WeedMD Rx Inc. Announces Closing of Financing & Go-Public Transaction
WeedMD Rx Inc., (“WeedMD”), a licensed producer of medical marijuana under the Access to Cannabis for Medical Purposes Regulations, and Aumento Capital V Corporation (TSX VENTURE:AMN.P) (“Aumento”) are pleased to announce that on November 9, 2016, WeedMD closed a $7,600,000 convertible debenture unit financing (the “Convertible Debenture Financing”) with a syndicate of agents led by Dundee Securities Ltd., and including Canaccord Genuity Corp. and Echelon Wealth Partners Inc. (the “Agents”). Pursuant to the Convertible Debenture Financing, WeedMD has issued 7,600 units (the “Units”), with each Unit comprised of one debenture (a “Debenture”) with a principal amount of $1,000 and 1,333 warrants (the “Warrants”). The Warrants are exercisable into common shares of WeedMD at an exercise price of $1.00 per share for a period of two years from the completion of a liquidity event by WeedMD. Immediately prior to completion of a liquidity event by WeedMD, the principal amount of the Debentures will be automatically convertible into common shares of WeedMD at a conversion price of $0.75 per share.

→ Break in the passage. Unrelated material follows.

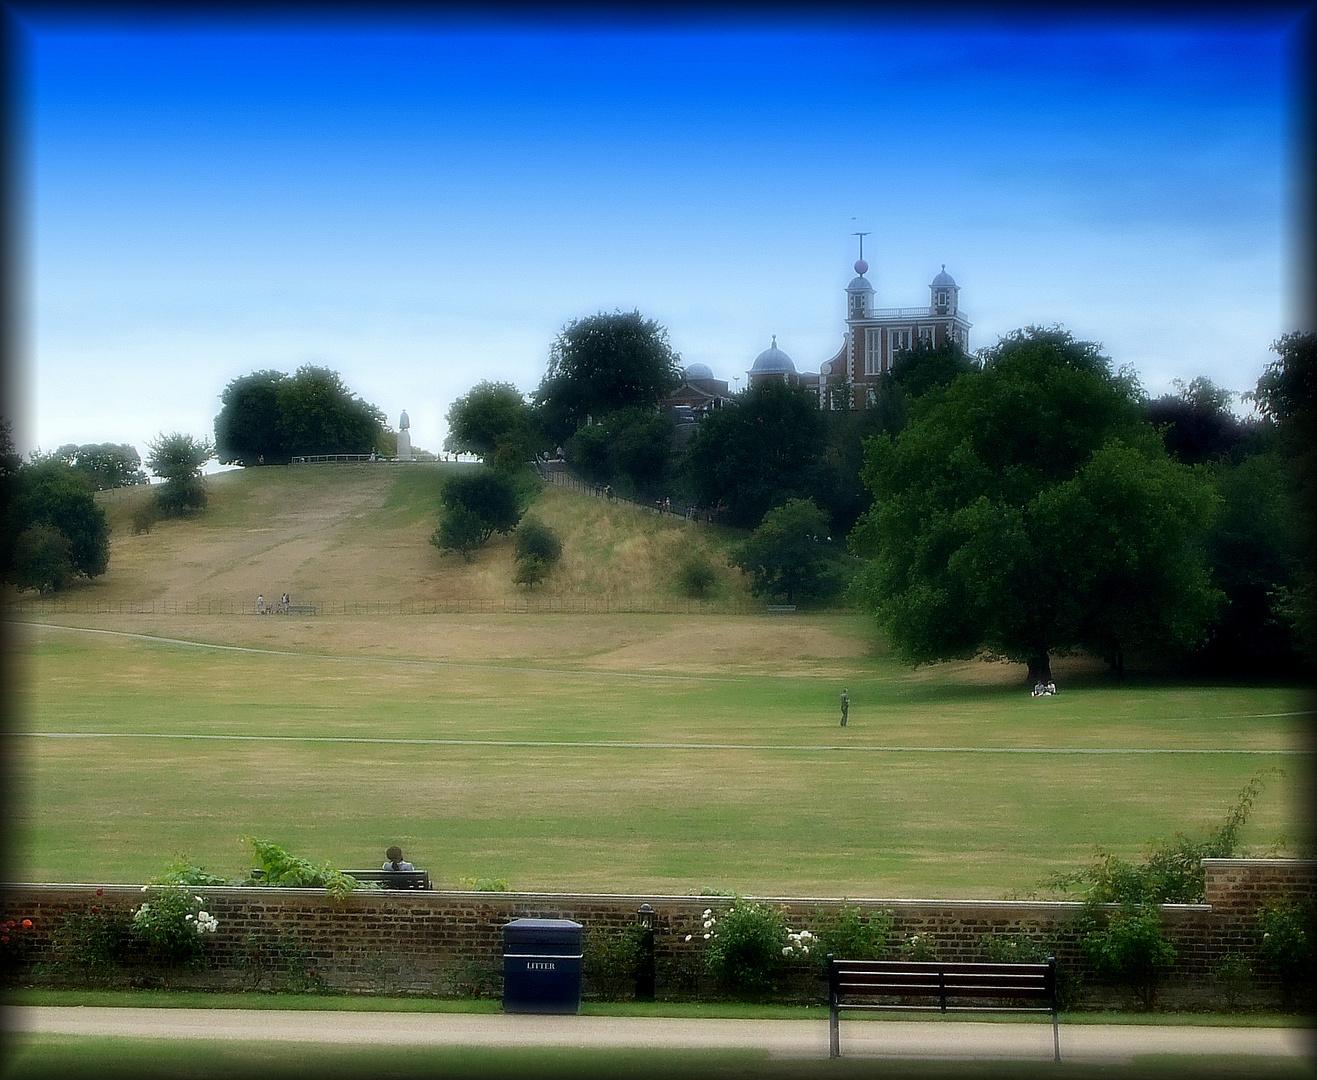 Taller - Observatorio de Greenwich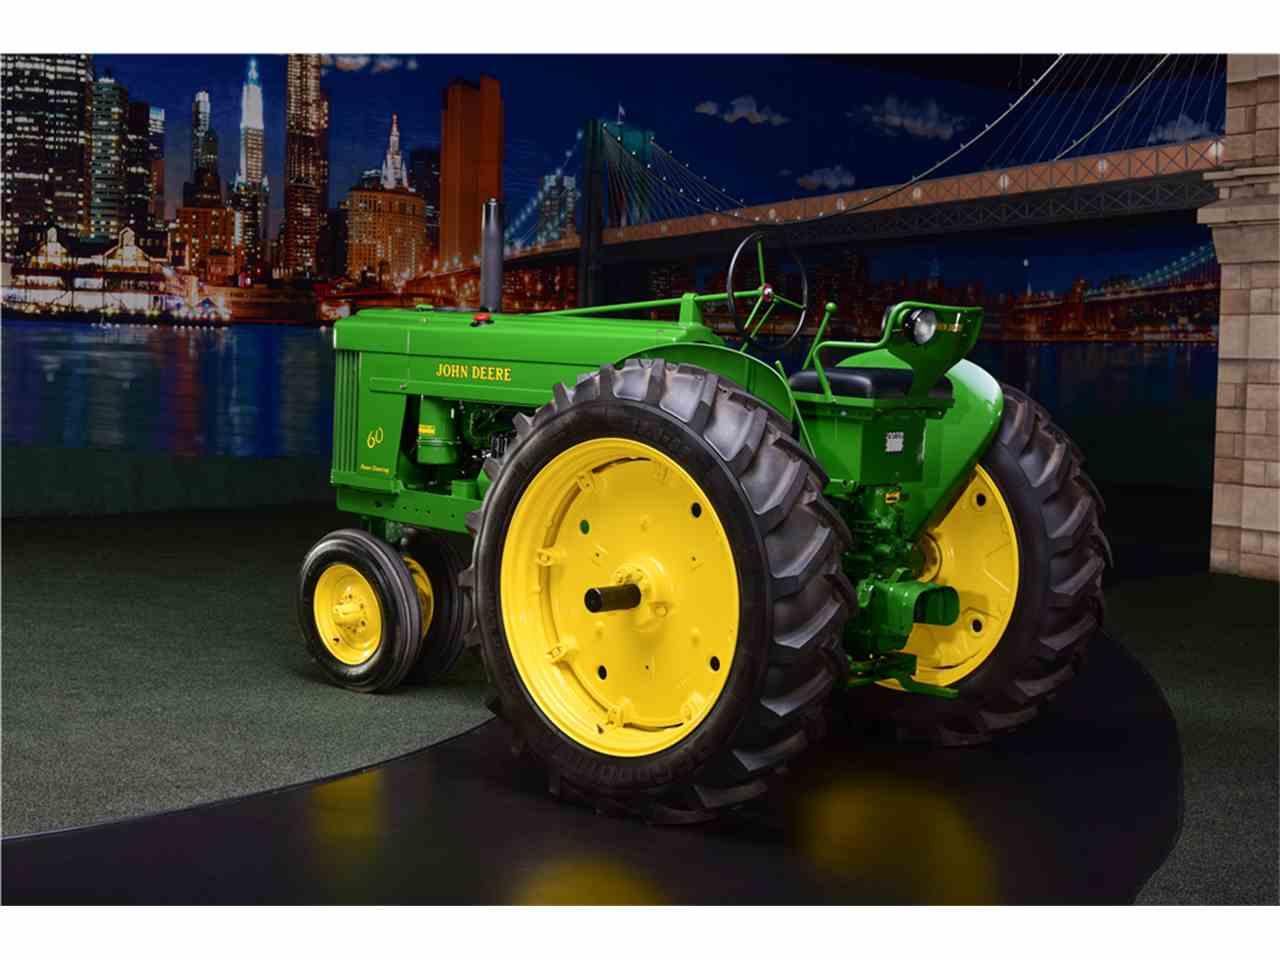 1954 John Deere Tractor for Sale ClassicCars com CC

WeedMD will use a portion of the net proceeds towards new construction within its existing facility to accommodate a mothering room, nursery and extraction lab, in order to increase process efficiencies and provide patients with more extensive strain selection and derivatives options. WeedMD intends to apply the remainder of the net proceeds towards developing the commercial scale production, distribution and sales infrastructure for its cannabis and cannabis oil extracts program, to working capital, other growth opportunities and general corporate purposes.
“This financing provides WeedMD with the capital to expand our facility and production capacity. Our first harvest commenced two weeks ago and is ongoing with the more than 6,000 plants currently growing,” said Bruce Dawson-Scully, CEO of WeedMD. “We remain on target to apply to Health Canada for our sales license amendment by the end of this month, with the goal of securing this licensing in Q1, 2017. Concurrently, we are in the process of finalizing our application to Health Canada for the production of oil extracts, which we plan to submit before the end of this month.”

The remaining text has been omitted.